Go with Philips, they really last.......


----------



## azzu (Feb 18, 2011)

Philips she 9550- 0.9k - Has Great bass
philips she 9700- 1.4k - overall sound...balanced treble and deep bass
Sound magic pl30 - 0.9 k - entry level audiophiles


----------



## skippednote (Feb 18, 2011)

Increase you budget and get HD202 or go with Philips SHE 9550


----------



## spm (Feb 18, 2011)

so is the HD202 that good .....
whats the price? so i guess i would have to buy it online as it may not be available in my town...


----------



## desiibond (Feb 19, 2011)

yes. it is a great headphone and should cost around 1.4k.
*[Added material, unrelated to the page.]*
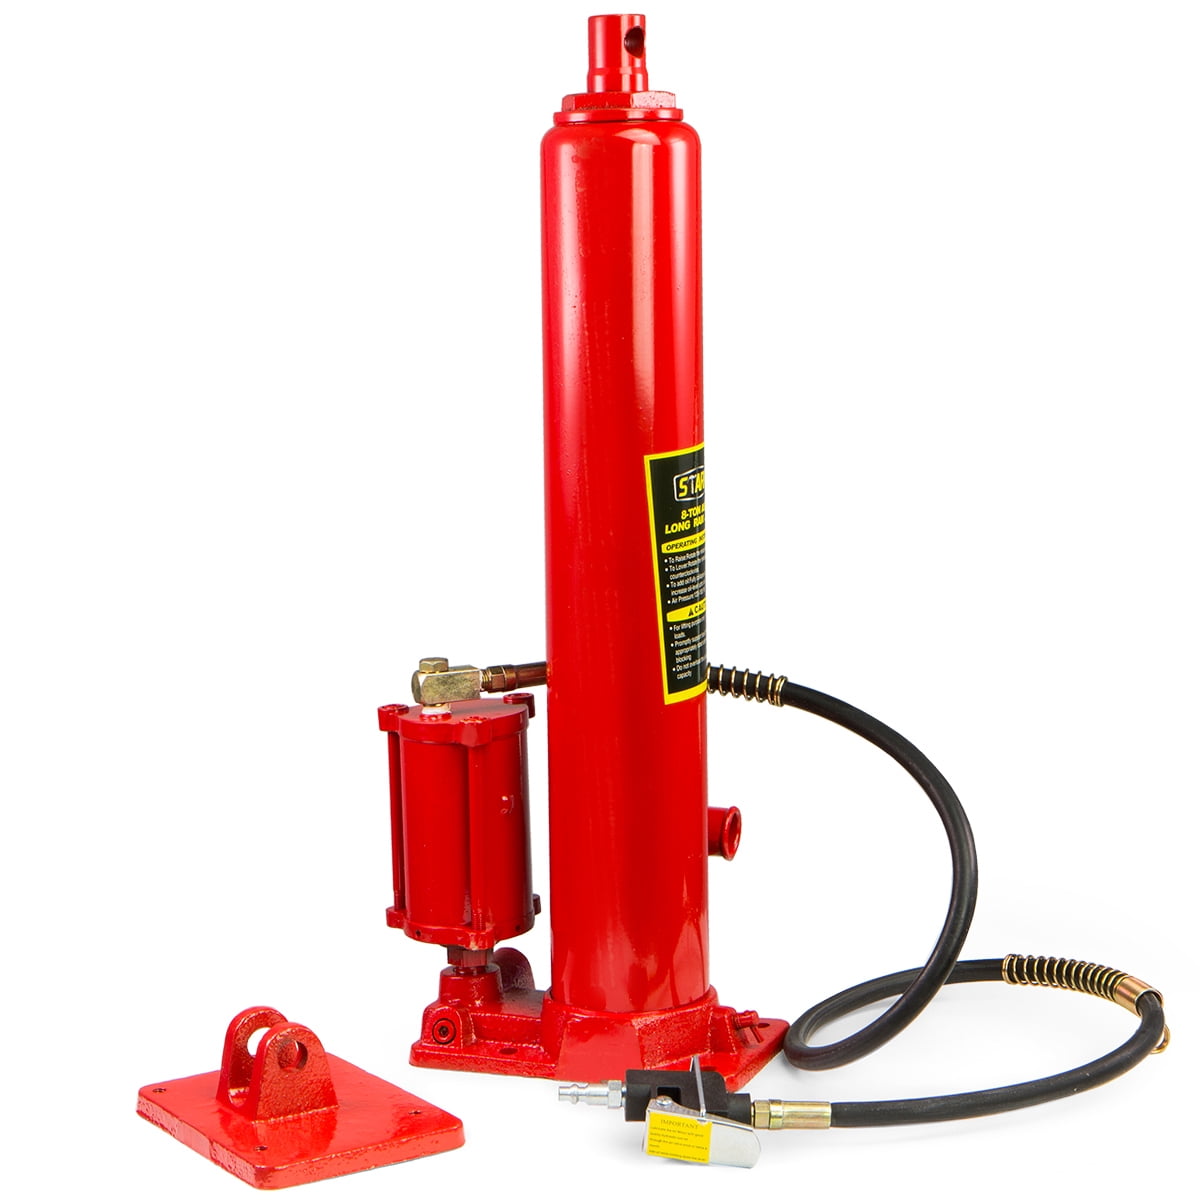 Torin T30806 Big Red Long Ram Hydraulic Jack for sale online

If you have large ears, if may be just a bit irritating.


----------



## skippednote (Feb 19, 2011)

You can order it from Flipkart.Com they have Cash on Delivery and a great price.


----------



## spm (Feb 20, 2011)

k guys...
i checked out the different shopping websites and they also offer HD 201 apart from HD 202.
how do they compare?

---------- Post added at 07:50 AM ---------- Previous post was at 04:38 AM ----------

and also i stumbled upon a sony model that appears good
MDR-XD100 : HiFi / Home Theatre Headphones : Headphones : Sony India
check that out and pls give ur suggestions


----------



## desiibond (Feb 20, 2011)

actually, HD201 is better than HD202. it's difficult to find it but if you can get one, get it.


----------



## spm (Feb 25, 2011)

so should i go for hd 201 instead of the hd 202..
i saw both of them almost similarly priced in an online shop


----------



## sountha (Feb 28, 2011)

Hi,
If you strictly want headphones on a tight budget , go for Senn HD202/201.
The 202 is a bit more compact than 201, so will suit those with smaller ears, Plus it has more impedence, less THD and hence better quality 
Cheers!! 

HD 202: 
# Response Bandwidth 18 - 18000 Hz
# Total Harmonic Distortion (THD) 0.5 %
# Sensitivity 115 dB
# Impedance 32 Ohm
# Magnet Material Neodymium 

HD 201:
#  Response Bandwidth  21 - 18000 Hz
# Total Harmonic Distortion (THD) 0.7 %
# Sensitivity 108 dB
# Impedance 24 Ohm


----------



## spm (Mar 4, 2011)

thank you all..
finalized on the HD 202


----------



## a2mn2002 (May 16, 2011)

Can i use the HD 202 with lg optimus one for music.


----------



## doomgiver (May 16, 2011)

a2mn2002 said:


> Can i use the HD 202 with lg optimus one for music.


does a nightingale bird sing??? yes, it has a 3.5 mm jack. you can use all the mainstream headphones on it that have a 3.5 mm jack.
if you dont have a 3.5 mm jack, get an adapter for 10-50 rs. 



sountha said:


> Hi,
> If you strictly want headphones on a tight budget , go for Senn HD202/201.
> The 202 is a bit more compact than 201, so will suit those with smaller ears, Plus it has more impedence, less THD and hence better quality
> Cheers!!
> ...



well, all this is just specmanship. you wont actually know the difference until you hear them yourself. so, DONT go by specs alone. they can be misleading.


----------



## arjunlalb (Jun 5, 2011)

creative ep 630 is an excellent one.. costs below Rs1000/- only


----------



## doomgiver (Jun 7, 2011)

creative ep630 SUCKS
too bad i cant write that in big red bold letters, coz thats how much they suck.

rs. 500 : soundmagic pl-11
rs. 1000: soundmagic pl-30
rs. 2000: brainwavz m1

dont buy creative b$


----------



## desiibond (Jun 7, 2011)

doomgiver said:


> creative ep630 SUCKS
> too bad i cant write that in big red bold letters, coz thats how much they suck.
> 
> rs. 500 : soundmagic pl-11
> ...



Totally agree on this one!


----------